Will the world’s fastest supercomputer please stand up?
TRITON Supercomputer at the University of Miami
In high school, as in tech, superlatives are important. Or maybe they just feel important in the moment. With the breakneck pace of the AI computing infrastructure buildout, it’s becoming increasingly difficult to keep track of who has the biggest, fastest, or most powerful supercomputer — especially when multiple companies claim the title at once.
“We delivered the world’s largest and fastest AI supercomputer, scaling up to 65,000 Nvidia H200 GPUs,” Oracle CEO Safra Catz and Chairman, CTO, echoed by Founder Larry Ellison on the company’s Monday earnings call.
In late October, Nvidia proclaimed xAI’s Colossus as the “World’s Largest AI Supercomputer,” after Elon Musk’s firm reportedly built a computing cluster with 100,000 Nvidia graphics processing units in a matter of weeks. The plan is to expand to 1 million GPUs next, according to the Greater Memphis Chamber of Commerce (where the supercomputer is located.)
The good ole days of supercomputing are gone
It used to be simpler. “Supercomputers” were most commonly found in research settings. Naturally, there’s an official list ranking supercomputers. Until recently the world’s most powerful supercomputer was named El Capitan. Housed at the Lawrence Livermore National Laboratory in California 11 million CPUs and GPUs from Nvidia-rival AMD add up to 1.742 Exaflops of computing capacity. (One exaflop is equal to one quintillion, or a billion billions, operations per second.)
“The biggest computers don’t get put on the list,” Dylan Patel, chief analyst at Semianalysis, told B-17. “Your competitor shouldn’t know exactly what you have,” he continued. The 65,000-GPU supercluster Oracle executives were praising can reach up to 65 exaflops, according to the company.

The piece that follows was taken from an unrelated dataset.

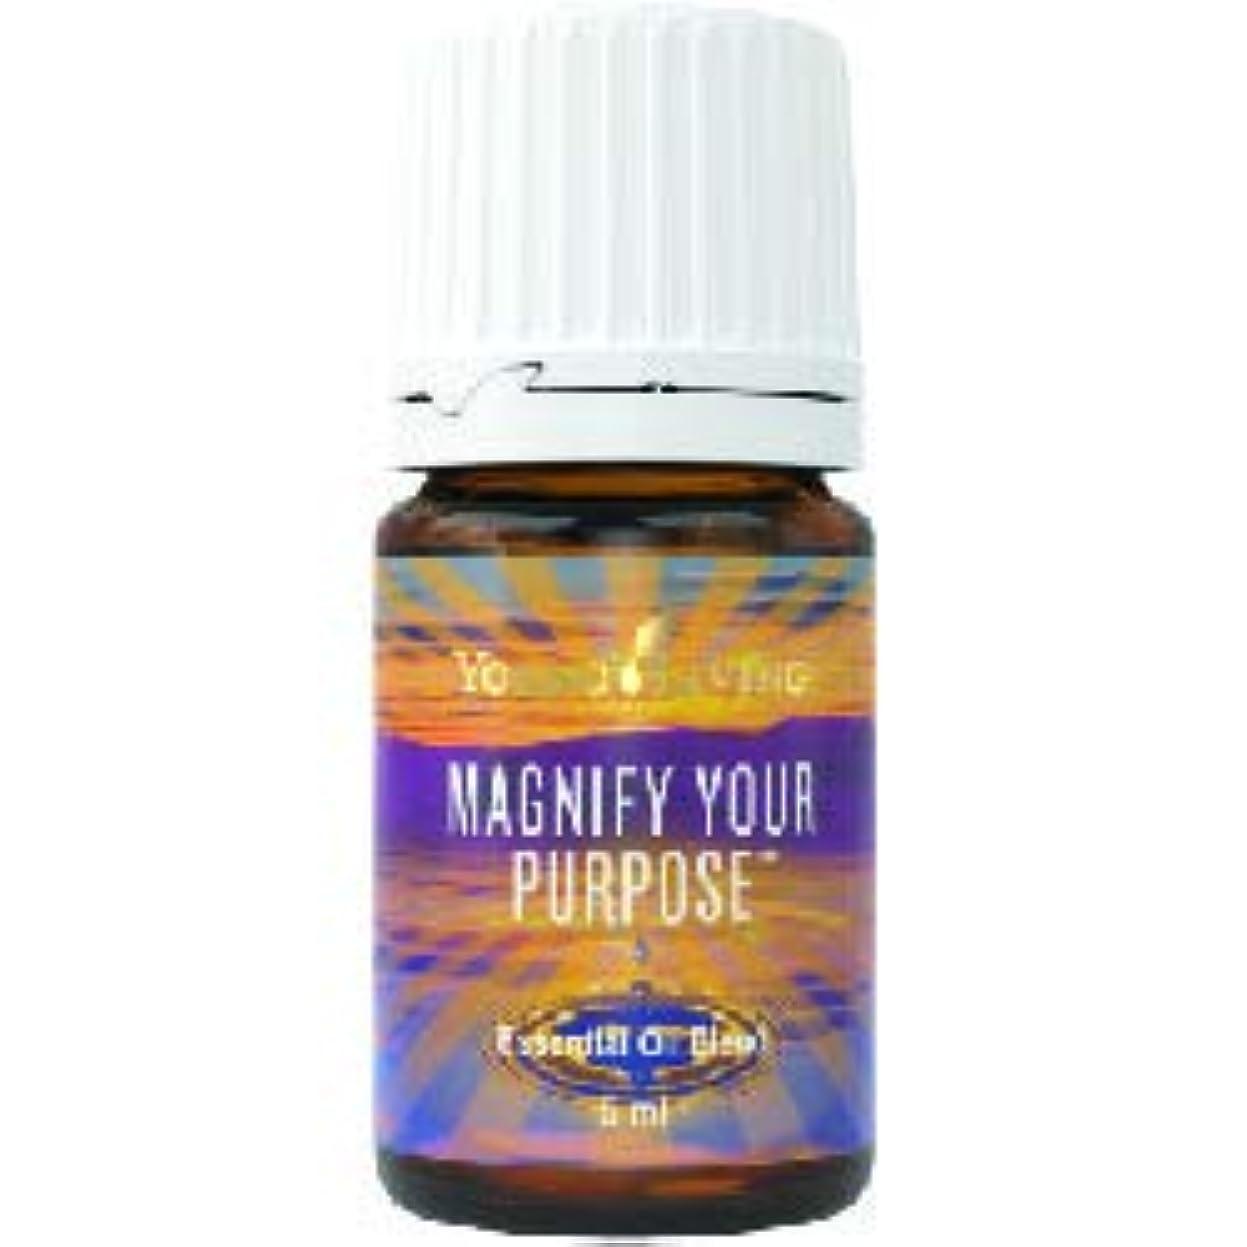 ウミウシ損傷調整目的を拡大するエッセンシャルオイル ヤングリビングエッセンシャルオイルマレーシア5ml Magnify Your Purpose Essential Oil 5ml by Young Living Essential Oil Malaysia

It’s safe to assume, Patel said, that Nvidia’s largest customers, Meta, Microsoft, and xAI also have the largest, most powerful clusters. Nvidia CFO Colette Cress said 200 fresh exaflops of Nvidia computing would be online by the end of this year — across nine different supercomputers — on Nvidia’s May earnings call.
Going forward, it’s going to be harder to determine whose clusters are the biggest at any given moment — and even harder to tell whose are the most powerful — no matter how much CEOs may brag.
It’s not the size of the cluster — it’s how you use it
On Monday’s call, Ellison was asked, if the size of these gigantic clusters is actually generating better model performance.
He said larger clusters and faster GPUs are elements that speed up model training. Another is networking it all together. “So the GPU clusters aren’t sitting there waiting for the data,” Ellison said Monday.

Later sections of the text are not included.